Surviving Cape Cod traffic
Traffic creeps along as tourists and locals check their phones for texts and directions. Tempers flare in the heat. Bikes weave through cars jockeying for position as they whip around rotaries.
It must be summer on Cape Cod’s roadways.
“The number one cause of collisions is no longer alcohol; it’s the cell phone,” said Mike Hanlon, manager of Professional Driving Schools Inc., in Hyannis. “The number one cause is distracted driving.”

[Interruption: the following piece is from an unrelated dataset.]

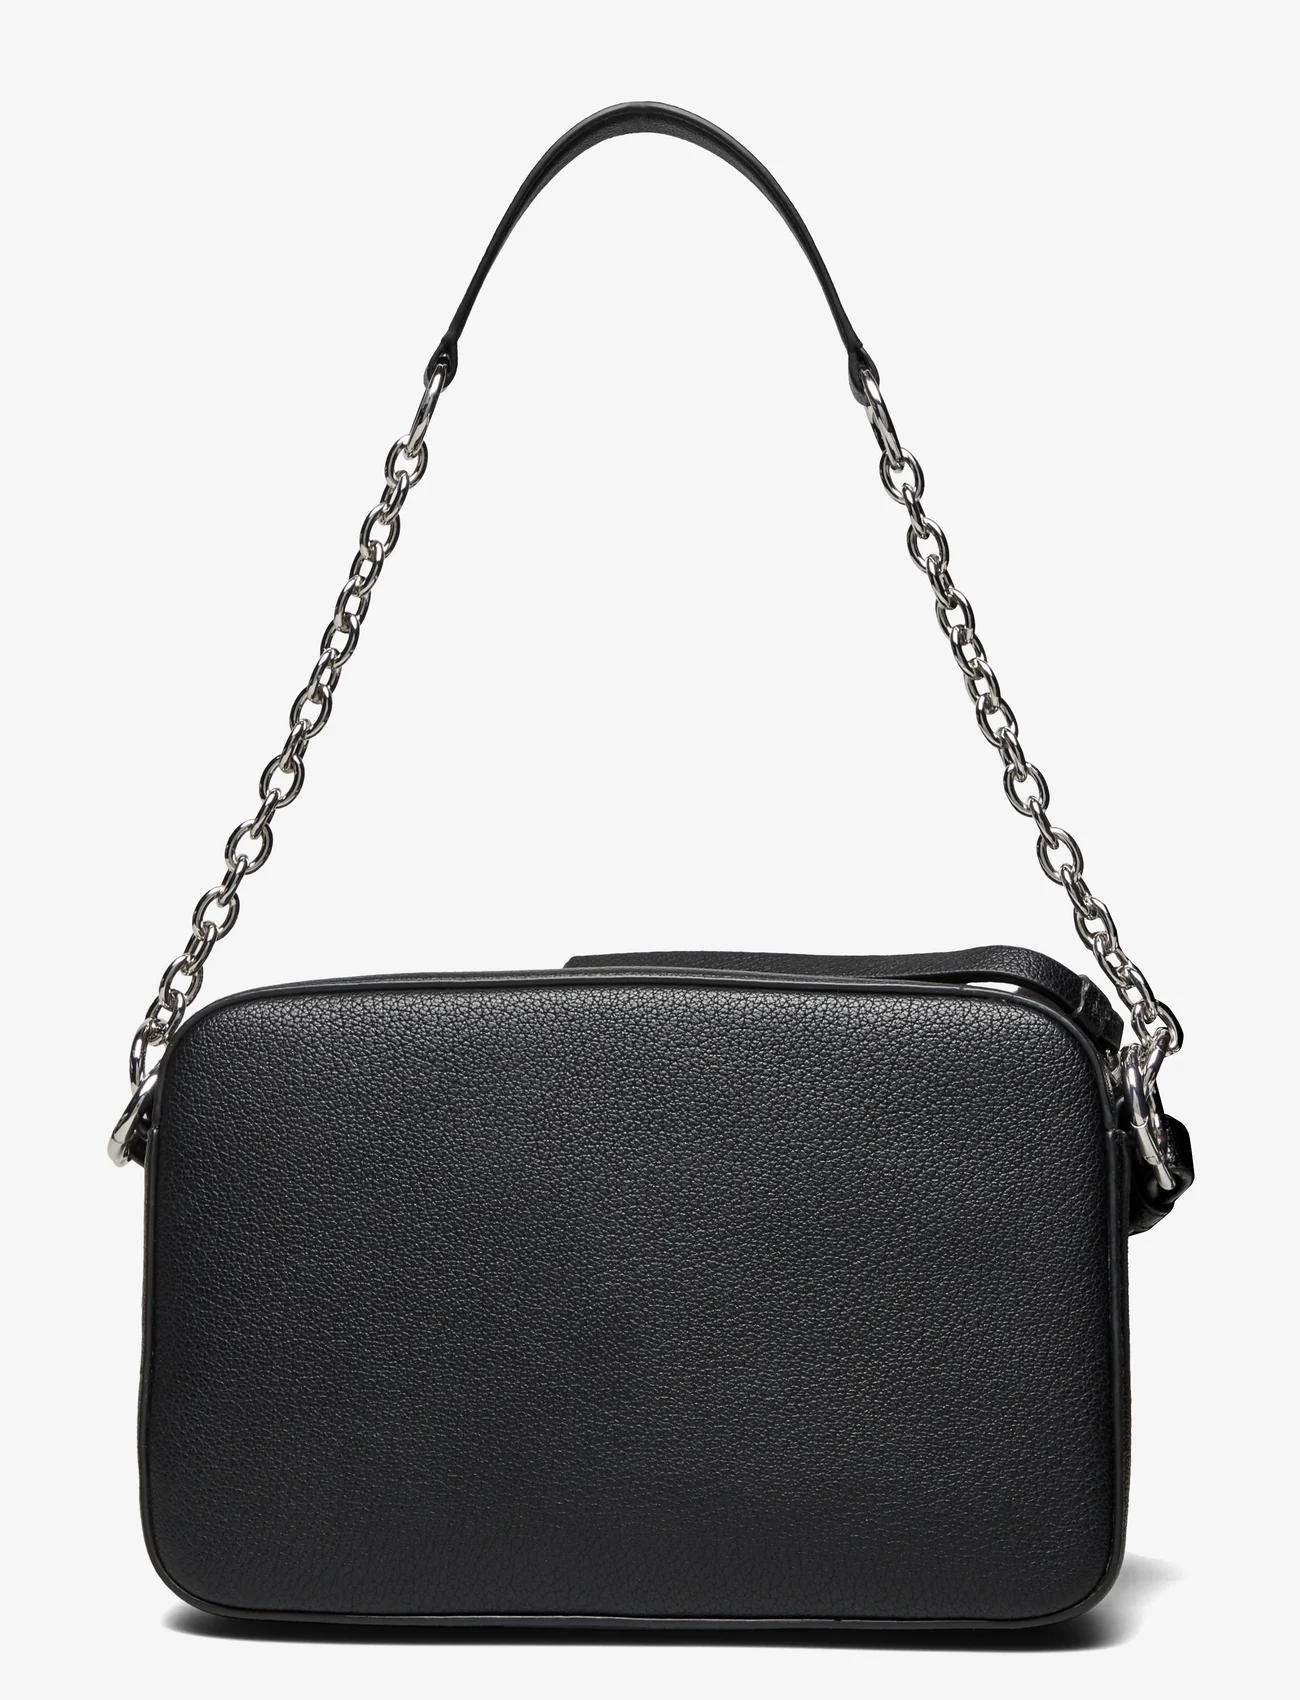 DKNY Bags - GREENPOINT CAMERA BAG - feestelijke kleding voor outlet-prijzen - bsv - black/silver - 1

Lev Malakhoff, senior transportation engineer at the Cape Cod Commission, agreed.
“Distracted driving has become a major concern,” he said.
According to the National Highway Traffic Safety Administration, 3,179 people in the United States and Puerto Rico died in 2014 in accidents involving distracted driving. Distractions while driving include texting and talking on the phone, but also eating, putting on makeup and fiddling with a GPS, stereo or other devices now standard in many cars – anything that takes your eyes, and your mind, off driving.
Hanlon has been teaching teens and adults to drive for over 10 years. He said that people should put their phones down, or turn them off if they can’t resist using them, and try to be more patient behind the wheel. Impatience and lack of planning lead drivers to speed and get involved in road rage incidents, Hanlon said. This becomes more important during the summer on the Cape, when tourists and locals clog roads.
“We wouldn’t be Cape Cod without tourists,” he said. “We need to extend a little courtesy ourselves. Give tourists a little consideration and space.”
Drivers should know their route before getting in the car, rather than following a GPS, and give themselves extra time to get where they’re going, Hanlon said. Out-of-state visitors should try to familiarize themselves with Massachusetts traffic laws, such as those permitting U turns and right turns at red lights.
His advice for the possibility of being stuck in traffic for hours while trying to get onto the Cape: pack a cooler.
“Have a picnic,” he said. “Enjoy yourself; you’re on vacation.”
If you’re late for work or an appointment, don’t take it out on other drivers, Hanlon said.
“When you want to flip somebody off, maybe they just made a mistake,” he said. “Move on with your day. It’s a non-event. Escalate it, and it could turn deadly,” he added.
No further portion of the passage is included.